Alguns países da UE exigem que os seus familiares assinalem a respetiva presença às autoridades competentes (frequentemente a administração ou a polícia local) num prazo razoável após a sua chegada ao país.
Cartão de residente
Os familiares de cidadãos europeus que não são nacionais de um país da UE poderão ter de pedir um cartão de residente.
Igualdade de tratamento
Durante a estadia no país de acolhimento, os seus cônjuge, filhos, netos, pais ou avós devem ser tratados em pé de igualdade com os nacionais desse país, nomeadamente em matéria de acesso ao emprego, remuneração, inscrição em escolas, etc.
Pedido de abandono / Expulsão
Os seus cônjuge, filhos, netos, pais ou avós podem viver consigo no país de acolhimento desde que continuem a satisfazer as condições para poder residir nesse país. Caso contrário, as autoridades nacionais podem exigir-lhes que abandonem o país.
Em casos excecionais, as autoridades do país de acolhimento podem decidir expulsá-los por razões de ordem pública, segurança pública ou saúde pública, tendo para tal de provar que a sua presença constitui uma ameaça muito grave.
A decisão de expulsão ou o pedido de abandono deve ser comunicado por escrito, indicando todos os seus fundamentos e especificando as vias de recurso e respetivos prazos.

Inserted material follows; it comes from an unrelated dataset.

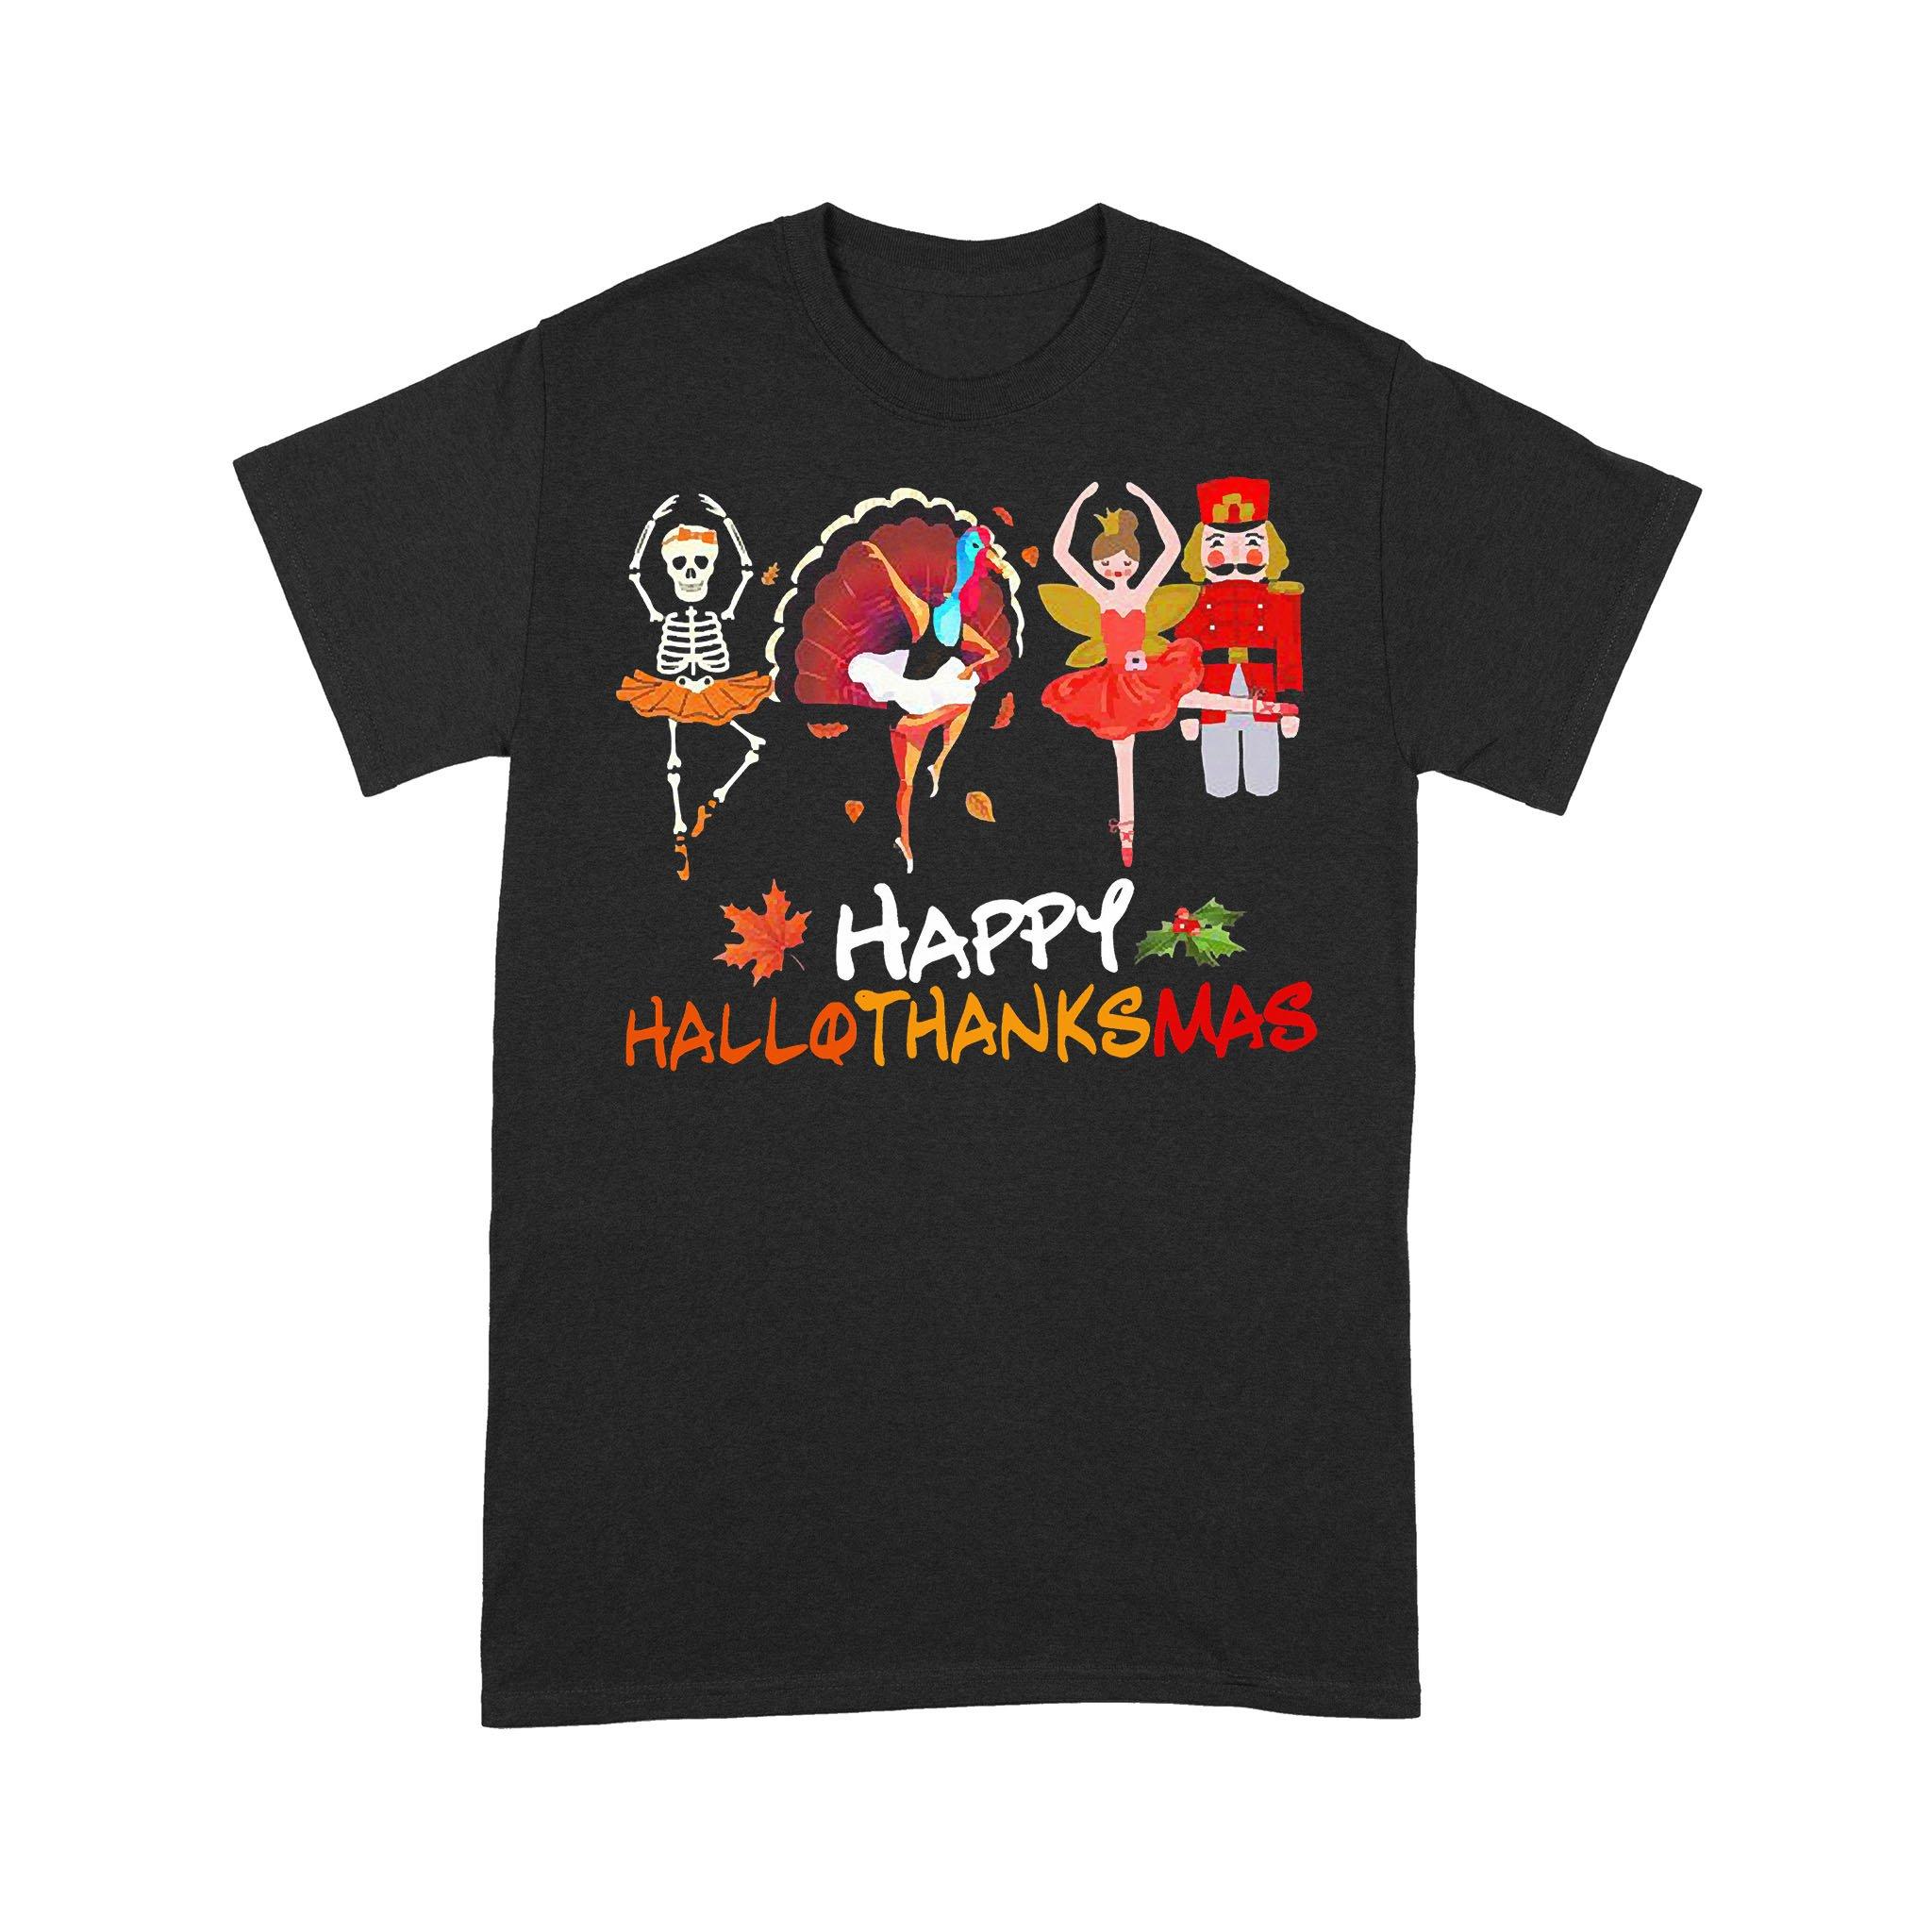 Ballet Squad Happy Hallothanksmas T-shirt
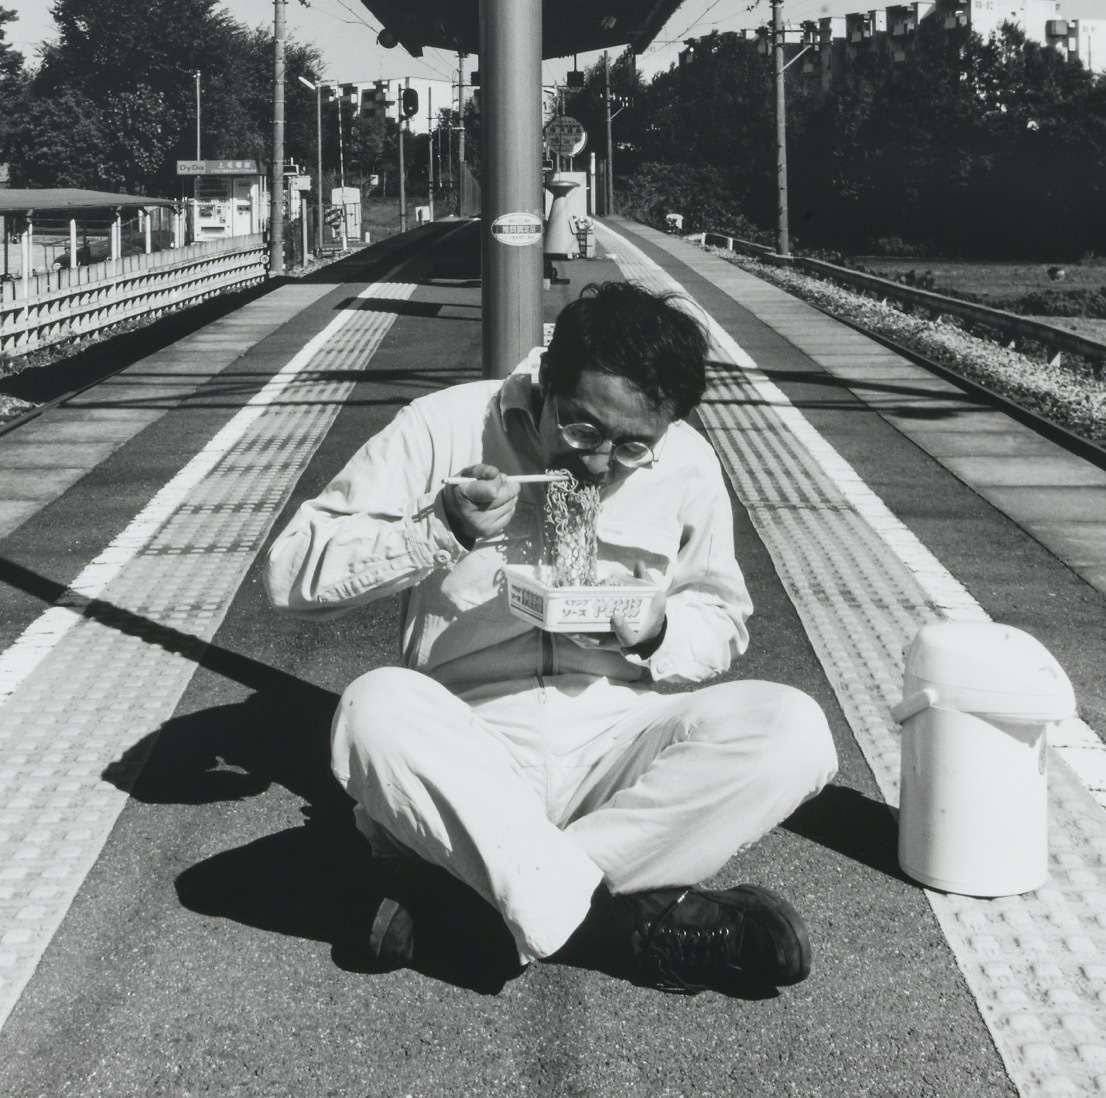 Yoshio Shirakawa, Action at Unmanned Stations (Gunma and Food), 2000, Photo © Shinya Kigure

Estadias superiores a 6 meses
Quer sejam ou não cidadãos europeus, os seus cônjuge, filhos, netos, pais ou avós podem ficar consigo no país de acolhimento sob determinadas condições:
- se perdeu o emprego após ter trabalhado no país de acolhimento, deve ser capaz de provar que satisfaz as condições necessárias OU
- se está a procura de um primeiro emprego no país de acolhimento, deve ser capaz de provar que está a fazê-lo ativamente e que tem hipóteses realistas de arranjar trabalho
Experiência pessoal
Célia, alemã, trabalha na Áustria e é casada com Özgür,de nacionalidade turca. Enquanto marido de Célia, Özgür recebeu um cartão de residente que lhe permite viver e trabalhar na Áustria. 13 meses depois, Célia é despedida e inscreve-se como desempregada nos serviços de emprego austríacos, começando a procurar um novo trabalho. Tanto Özgür como Célia podem continuar a viver na Áustria.